WHAT IS NEEDED: No pictures go into the copy. Write out exactly the lines below from the one containing "Nykd By Nykaa" through the one containing "Image shot as".

INFORMATION SHOWN below:

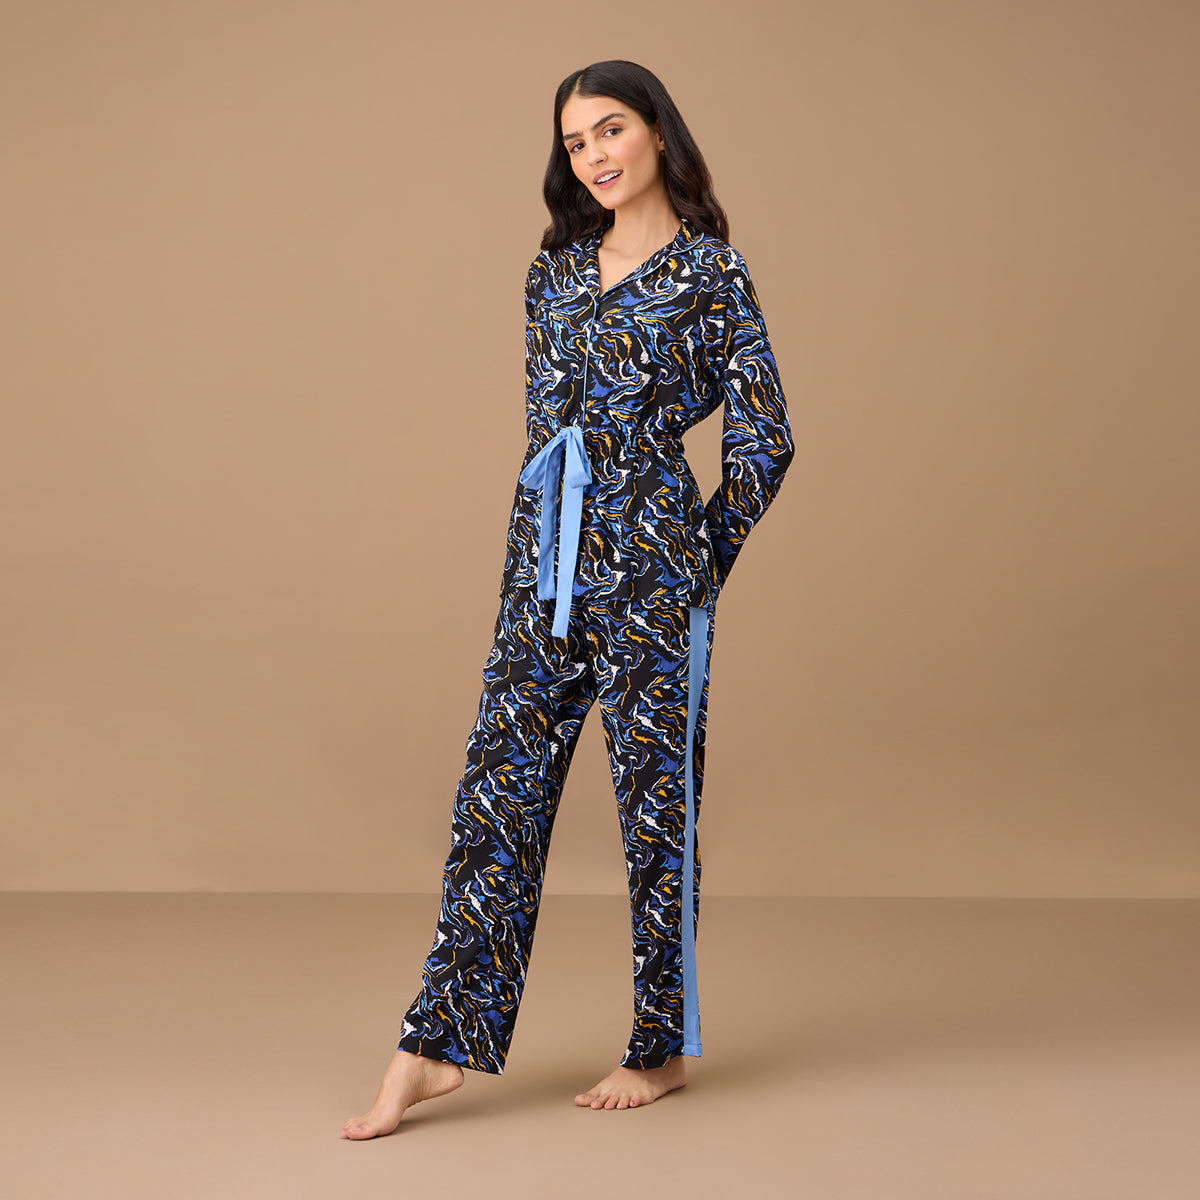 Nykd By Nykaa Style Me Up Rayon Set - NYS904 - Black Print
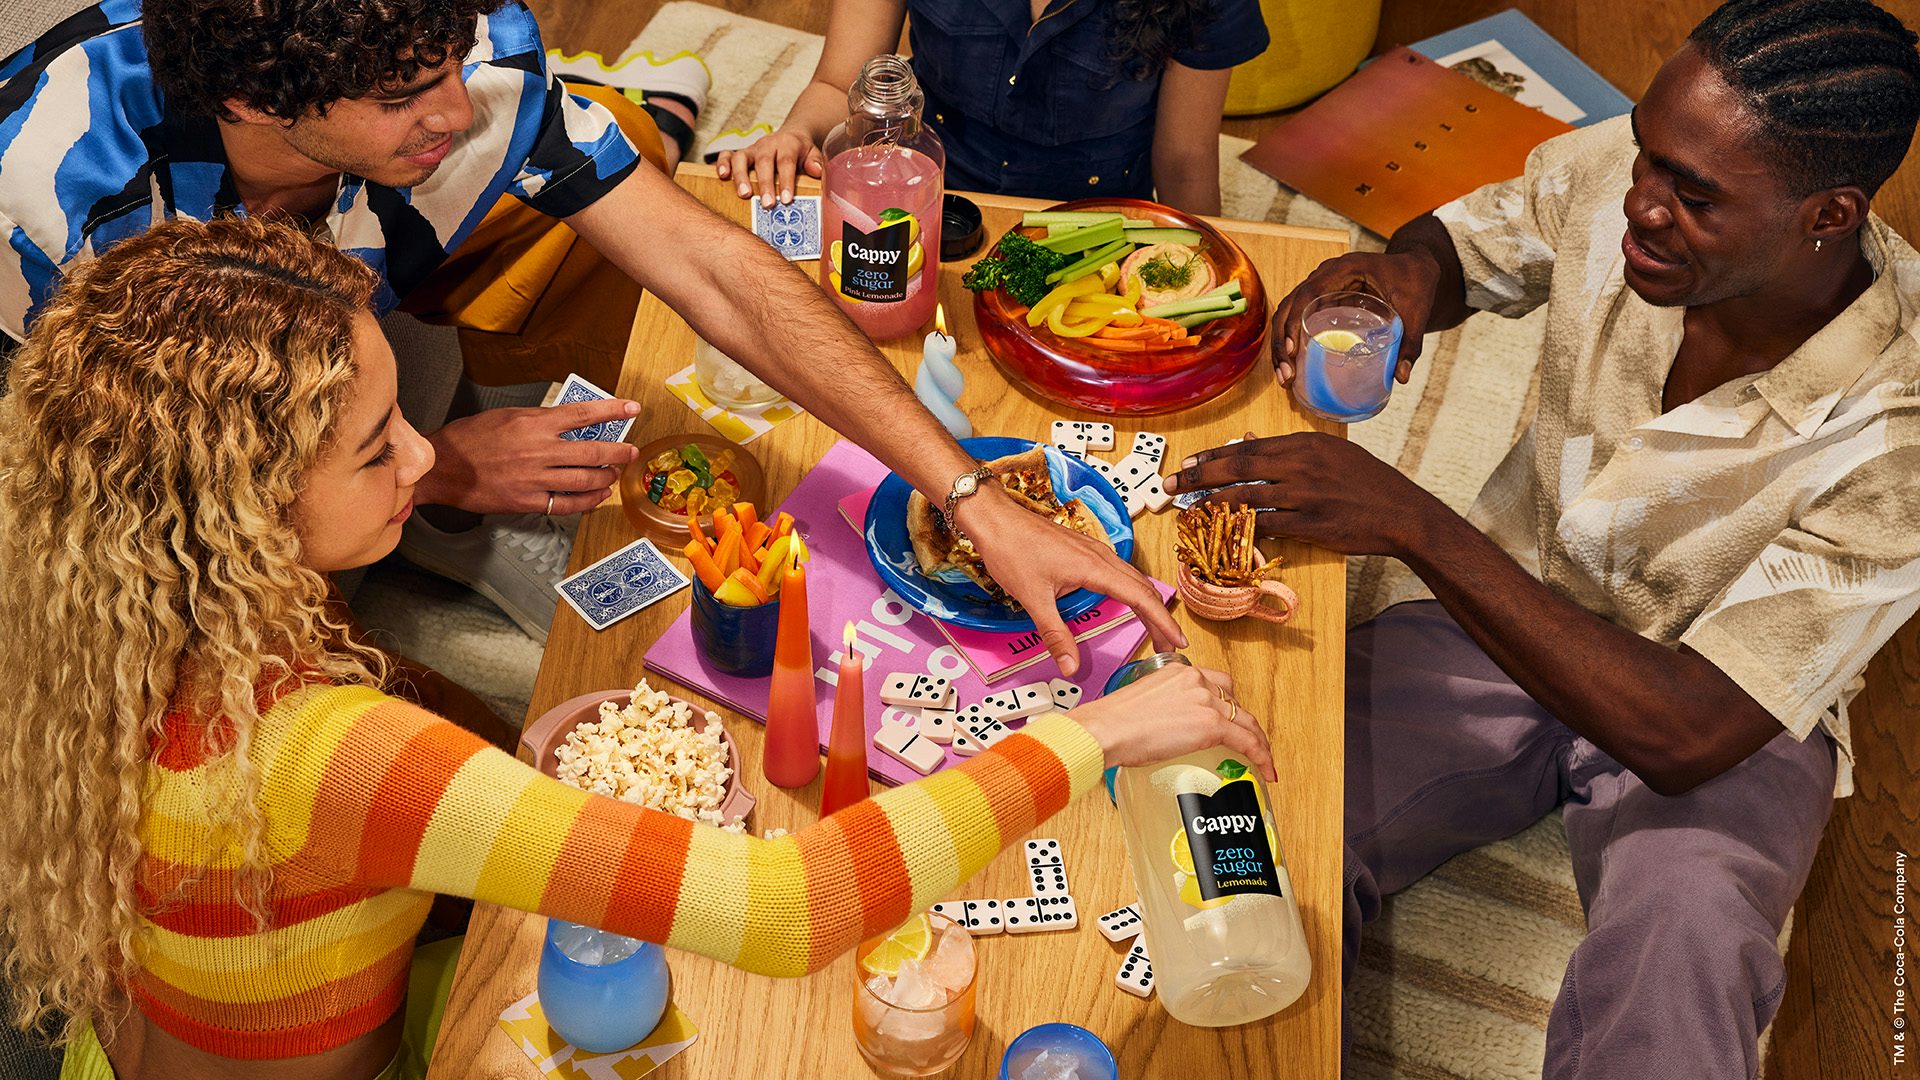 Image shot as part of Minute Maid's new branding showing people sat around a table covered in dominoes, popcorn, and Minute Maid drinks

End of INFORMATION SHOWN.
INFORMATION SHOWN below:

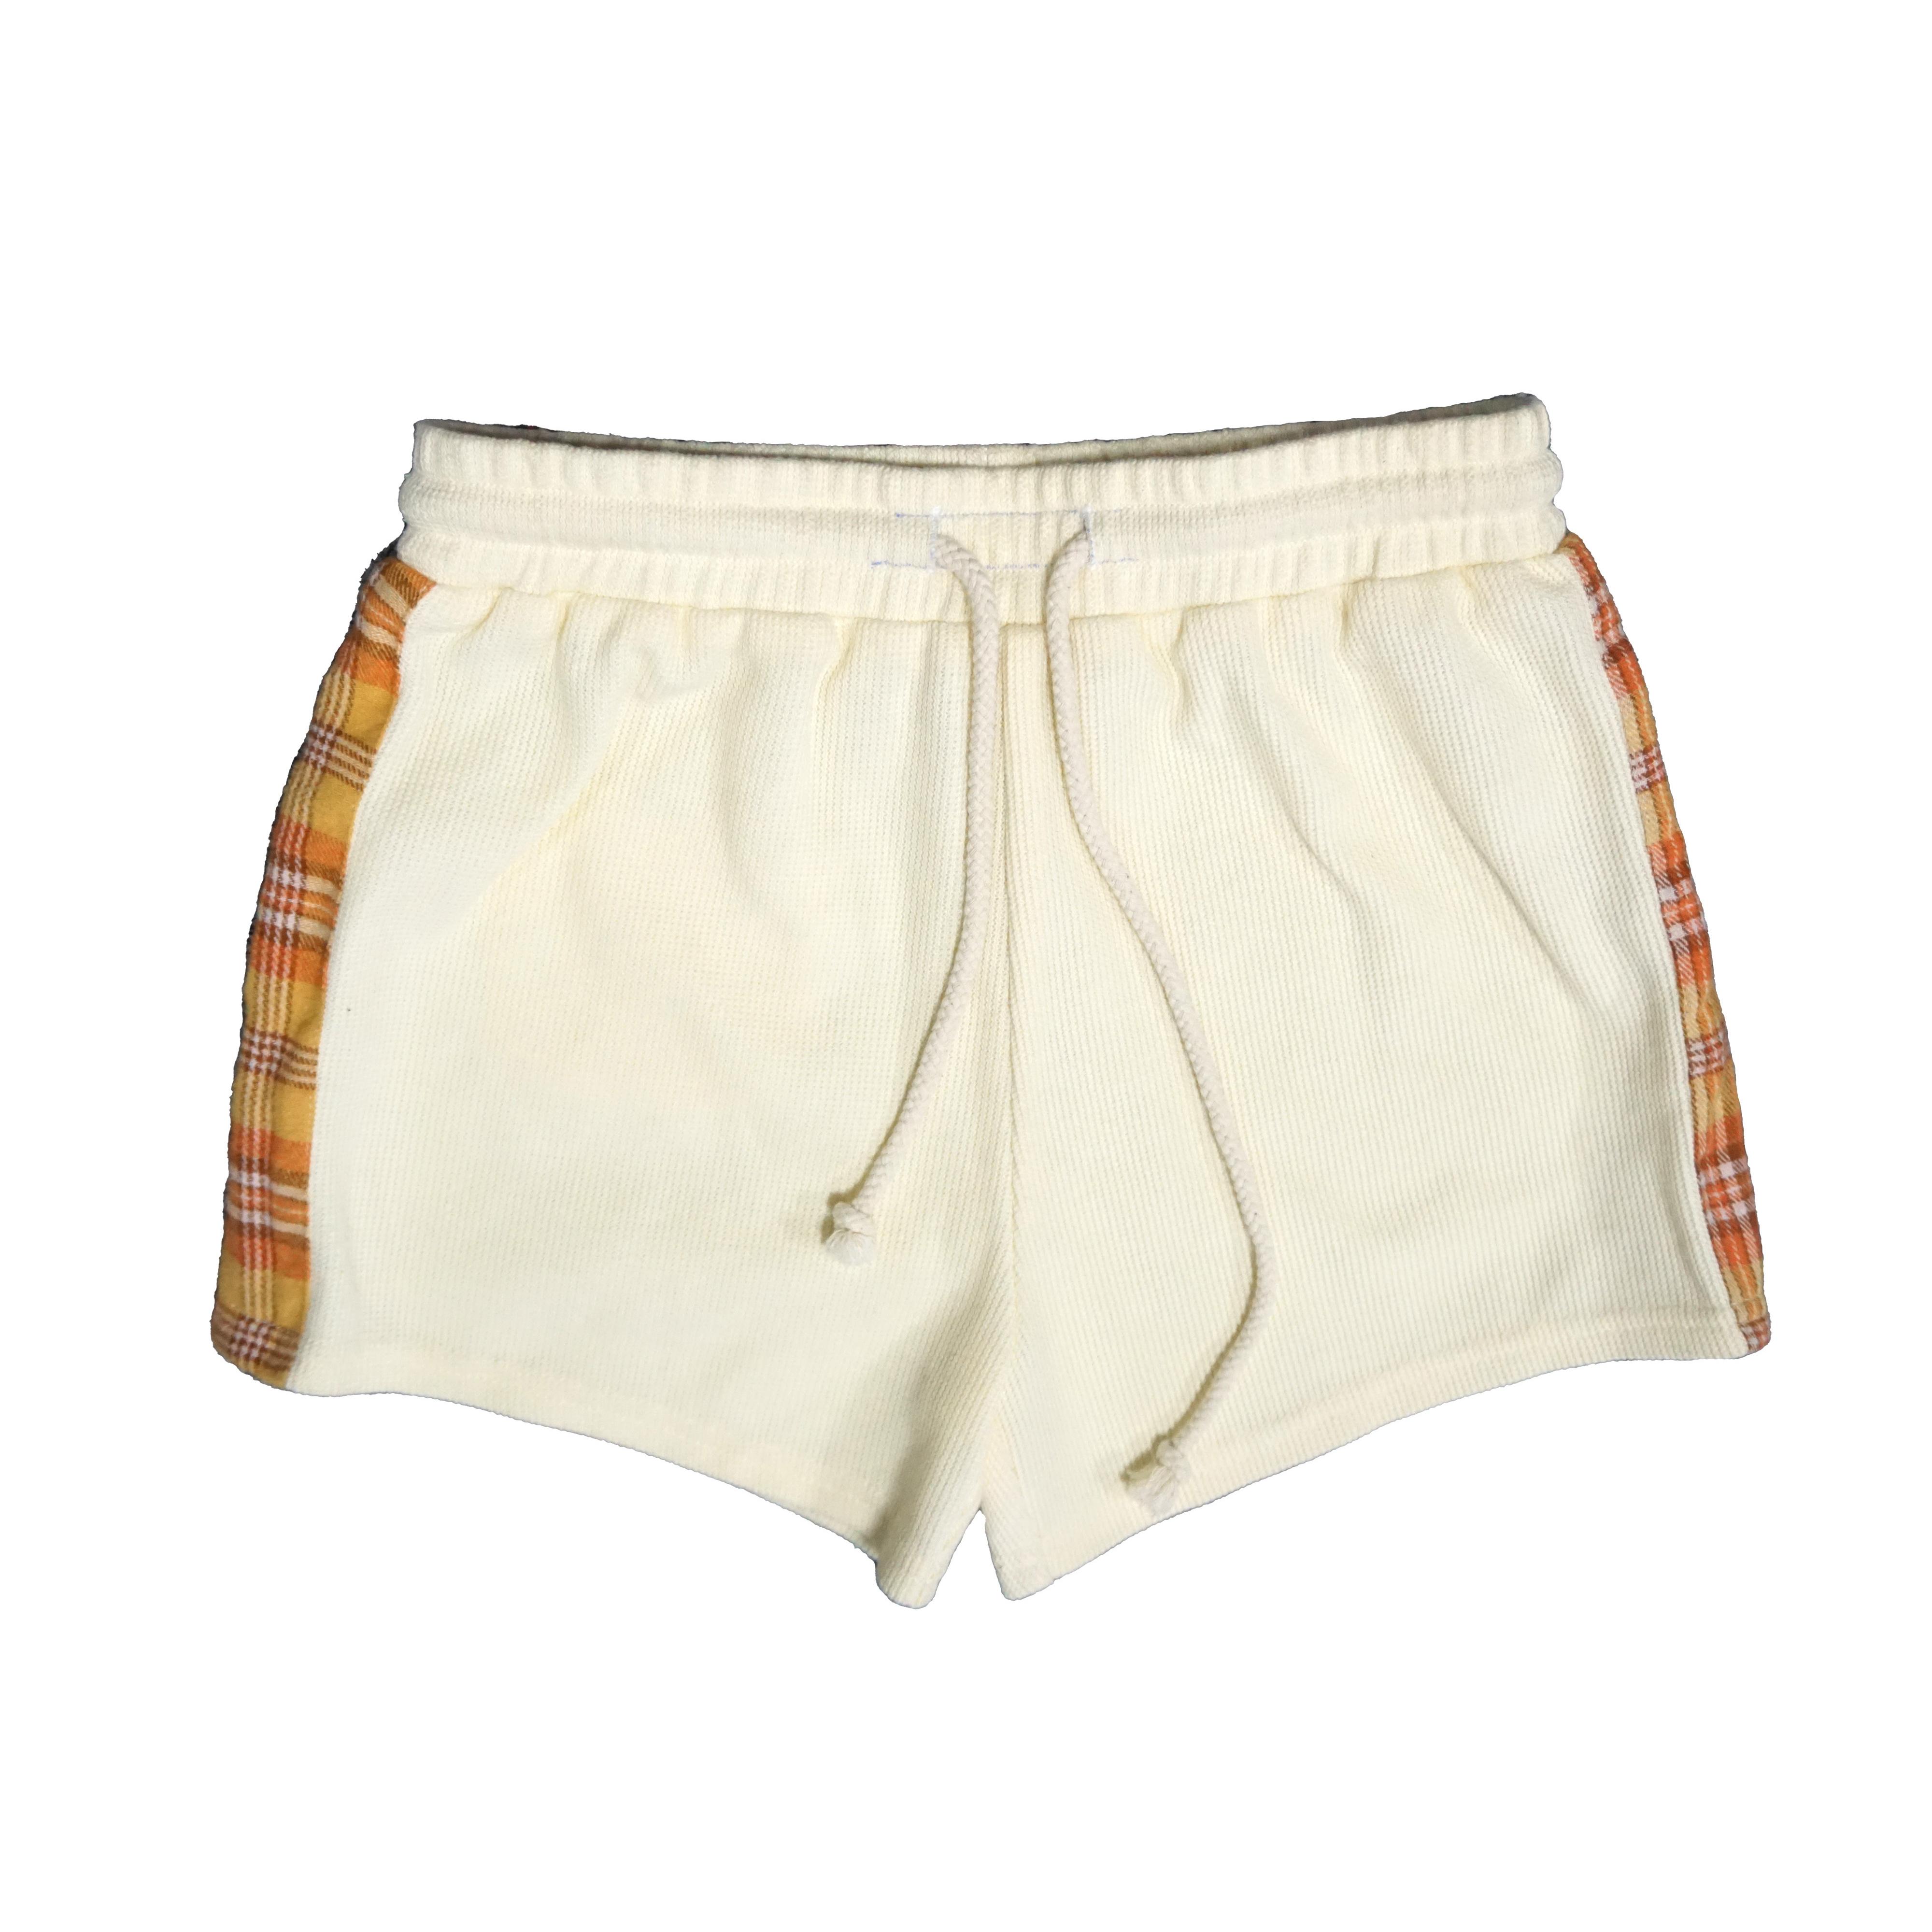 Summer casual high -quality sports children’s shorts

End of INFORMATION SHOWN.

RESPONSE TO THIS EXERCISE:
 Nykd By Nykaa Style Me Up Rayon Set - NYS904 - Black Print
 Image shot as part of Minute Maid's new branding showing people sat around a table covered in dominoes, popcorn, and Minute Maid drinks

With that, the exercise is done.